If Trump does not honor his campaign pledge on his most signature issue, it will undermine his core voters’ trust in him on other issues as well. The last president to make that mistake was President George W. Bush. His approval rating fell to less than 20 percent before he left office, easily making him the most unpopular president in modern American history.
Instead of going down that road, Trump should hand the list of illegal aliens shielded by DACA over to the Department of Homeland Security. And he should order the department to use the information our to apply our existing immigration laws, as he promised on the campaign trail.
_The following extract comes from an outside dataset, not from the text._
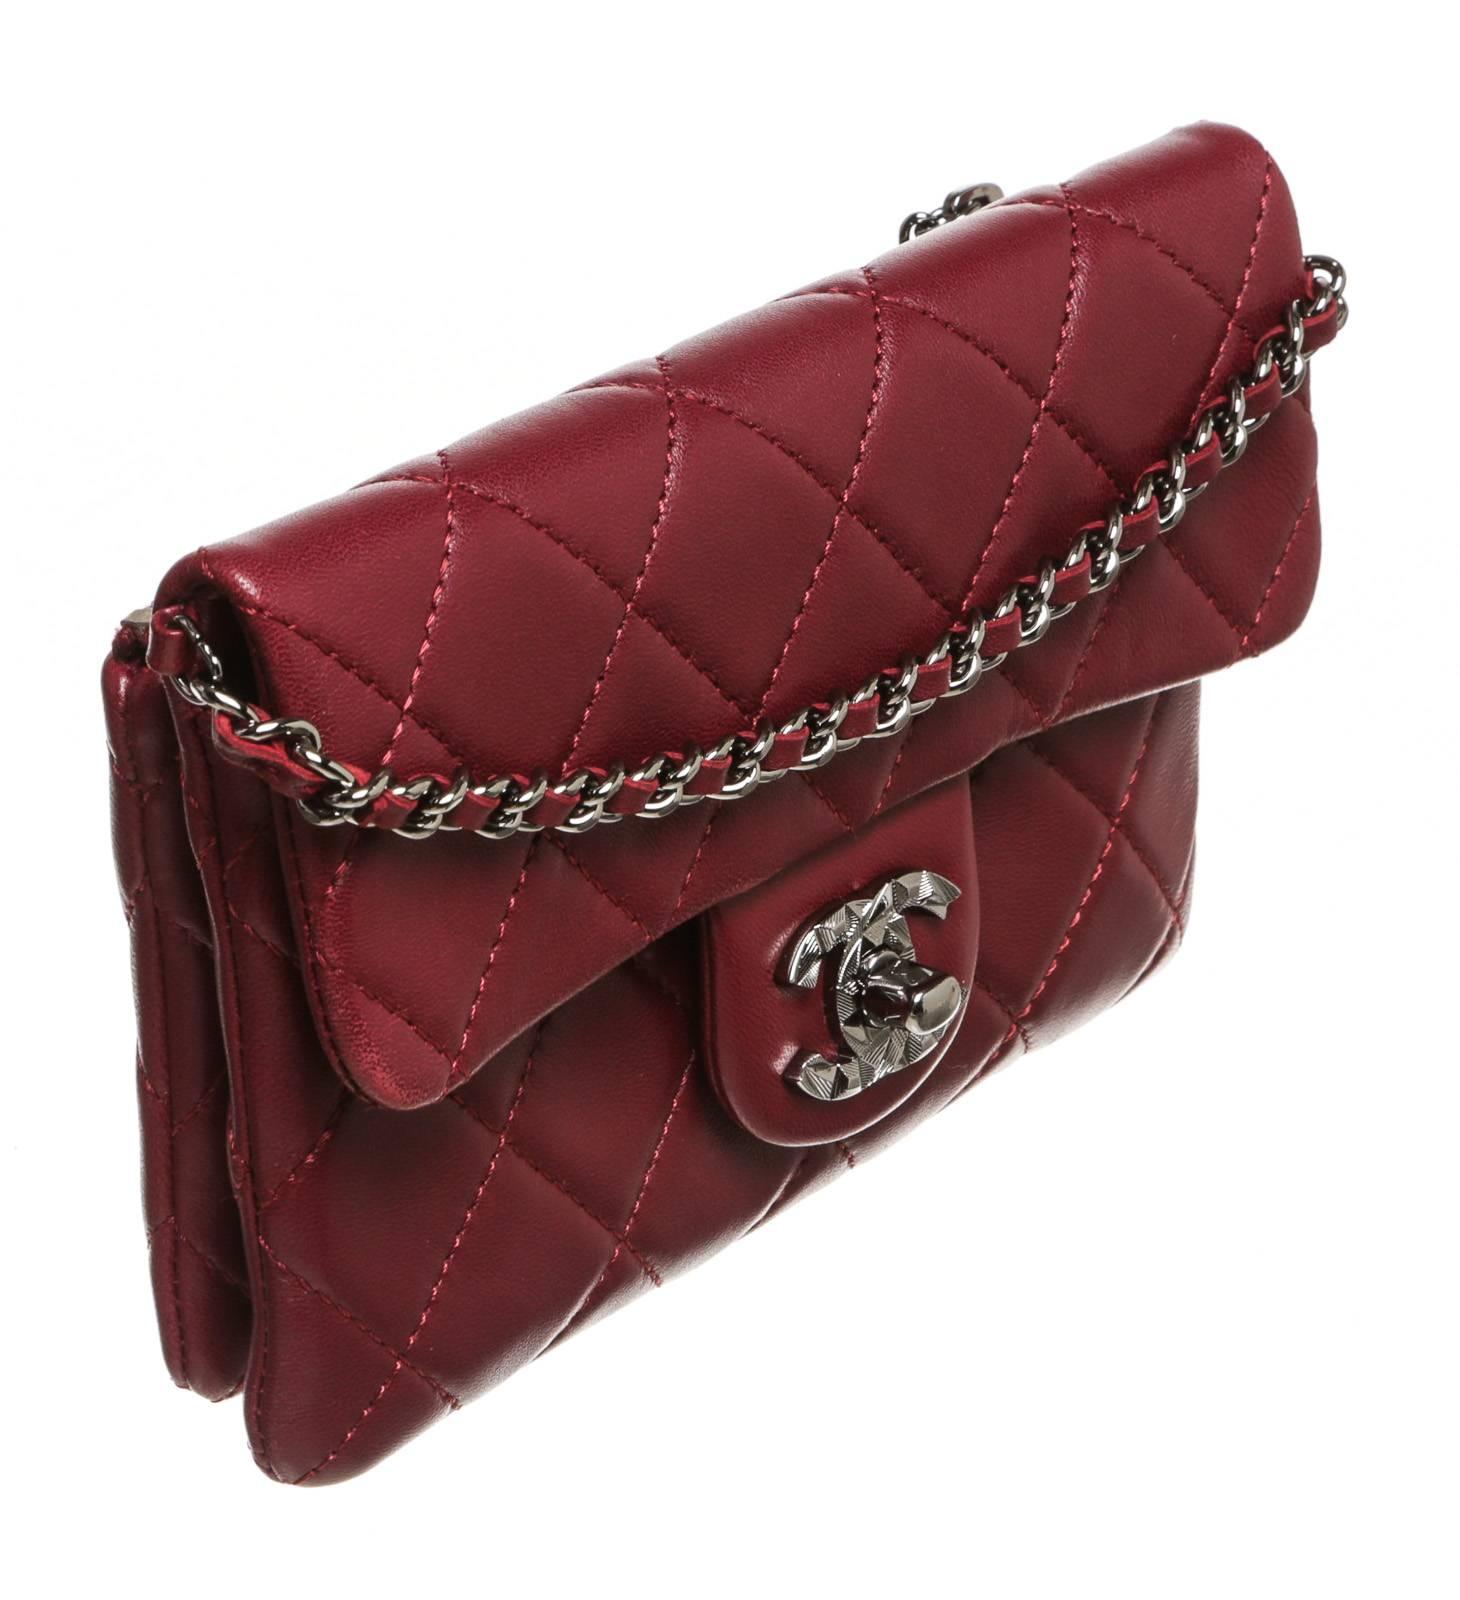 Show off your inner fashionista with a stunning crossbody from Chanel! It closes in a flap style as a CC rests in the front atop the snap closure. A chain link strap weaves a leather that is also found in the interior lining.This adorable bag can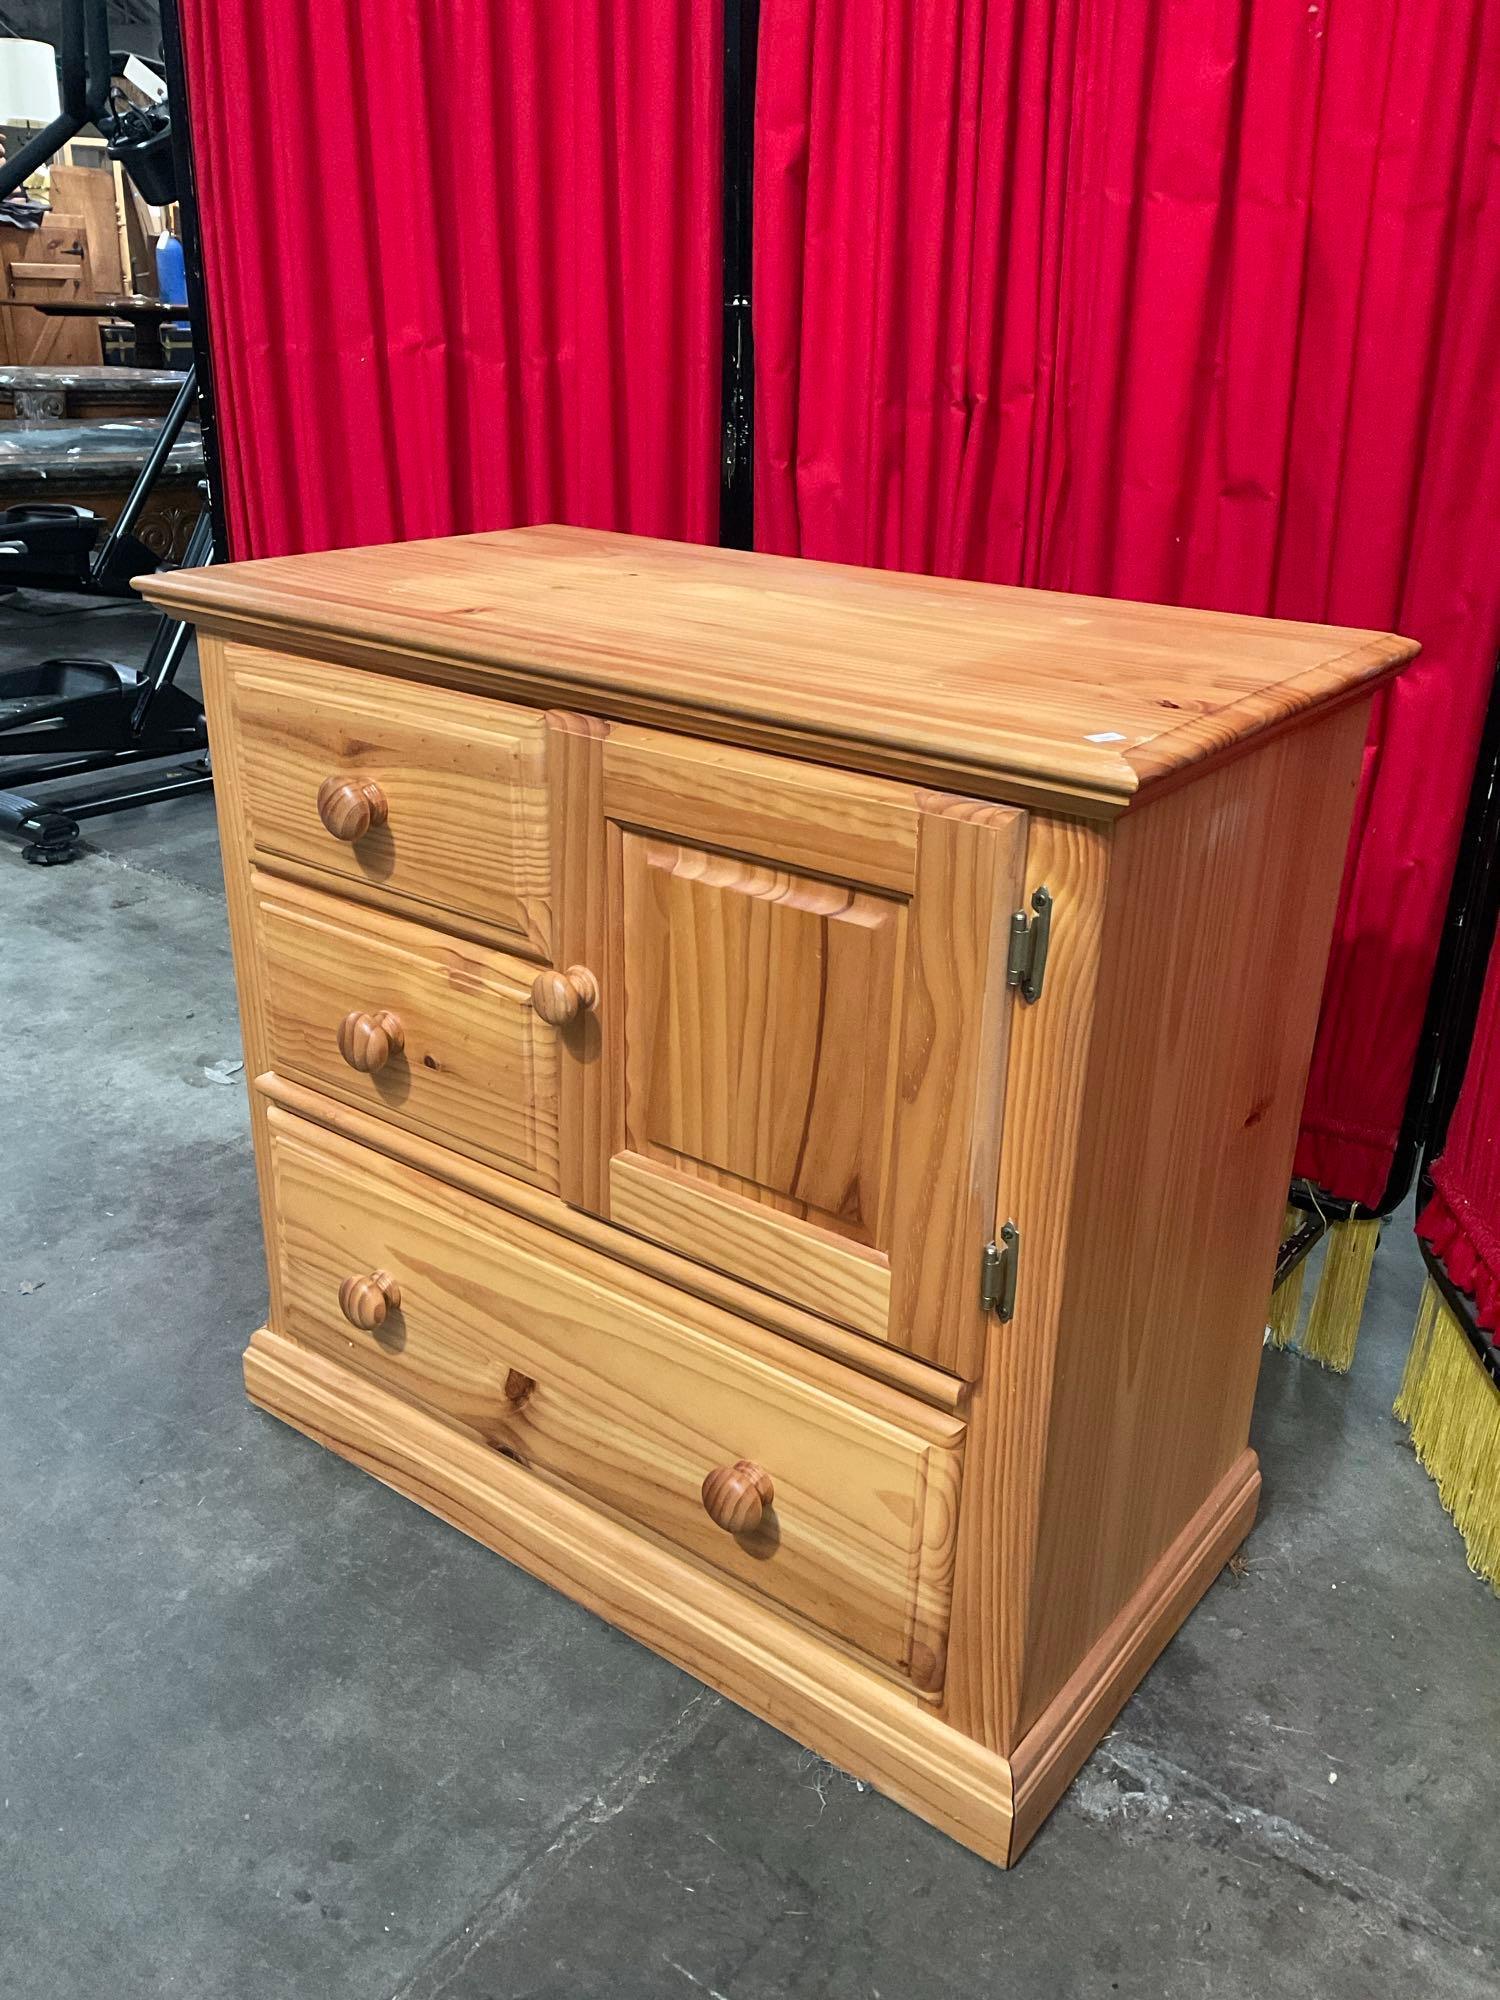 Contemporary Maywood Furniture Co. Wooden Side Cabinet w/ 3 Drawers & 1 Cupboard. See pics.

Each day that Trump keeps the program alive sends a welcoming message to illegals, while signaling to the law enforcement community that our federal government will continue to engage in selective enforcement of the law. That message isn’t the one that got Trump elected, and it’s one he surely doesn’t want to send. He should fulfill his promise to end DACA amnesty immediately.
William Gheen is the president of the Americans for Legal Immigration PAC, a conservative immigration group representing more than 50,000 members.